National cohort study.
England and Wales.
Mid-year population estimates from the Office for National Statistics (ONS) were used to calculate rates per 100 000 population for suicide (undetermined and suicide verdicts) and accidental deaths (poisoning, hanging) for those aged 10-14 and 15-19. Trends in rates over time (2001-2010) were investigated using Poisson regression. Interaction tests were carried out to determine differences in trends between the two time periods (2001-2005 and 2006-2010).

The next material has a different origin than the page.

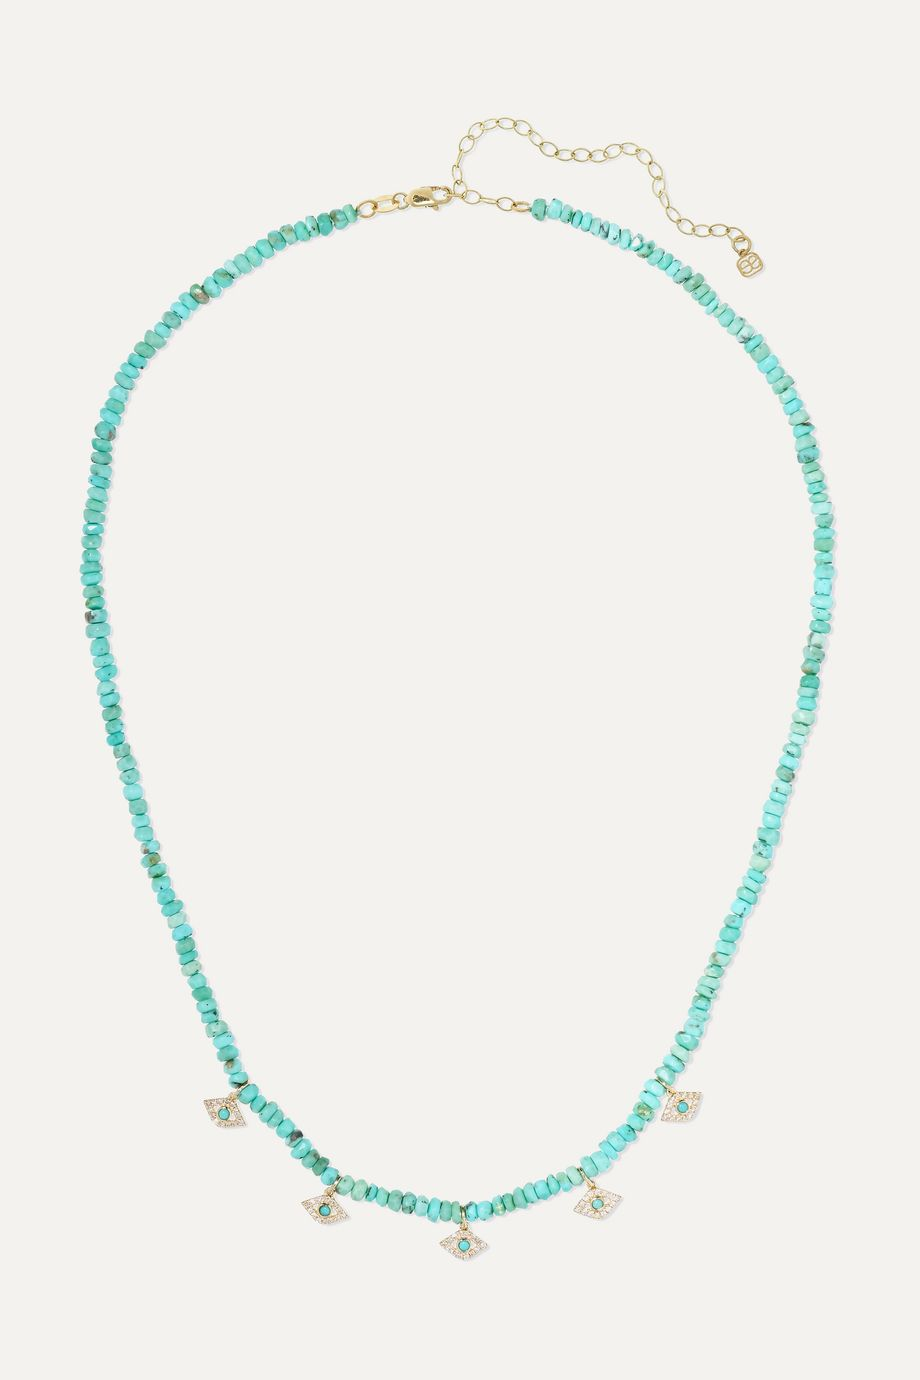 Sydney Evan Evil Eye 14-karat gold, diamond and turquoise necklace

There were 1523 suicides (2.25/100 000). Suicide rates were highest in those aged 15-19 years (4.04/100 000) and in males (3.14/100 000). Between 2001 and 2010, rates significantly decreased among those aged 15-19 years (incidence rate-ratio (IRR): 0.95; 95% CI 0.93 to 0.97), with no change in rates of accidental deaths (IRR: 1.01, 95% CI 0.95 to 1.07). However, there was a significant interaction between the two time periods for accidental poisonings (2001-2005: IRR: 0.79 (95% CI 0.69 to 0.91); 2006-2010: IRR: 1.01 (95% CI 0.89 to 1.15), interaction p=0.012) and accidental hangings (2001-2005: IRR: 0.93 (95% CI 0.76 to 1.14); 2006-2010: IRR: 1.25 (95% CI 1.04 to 1.49), interaction=0.01) Undetermined deaths significantly decreased among females aged 15-19 yeras (IRR: 0.93; 95% CI 0.88 to 0.98). There were no significant trends among 10-14-year-olds.
Rates of suicide are higher among older adolescents and males. There was a significant fall in suicide rates in males aged 15-19 years that was not accounted for by changes in rates of accidental death. The absence of a significant trend in suicide or accidental deaths in those aged 10-14 years may have been the result of small numbers. However, monitoring should continue to identify longitudinal trends in all young people.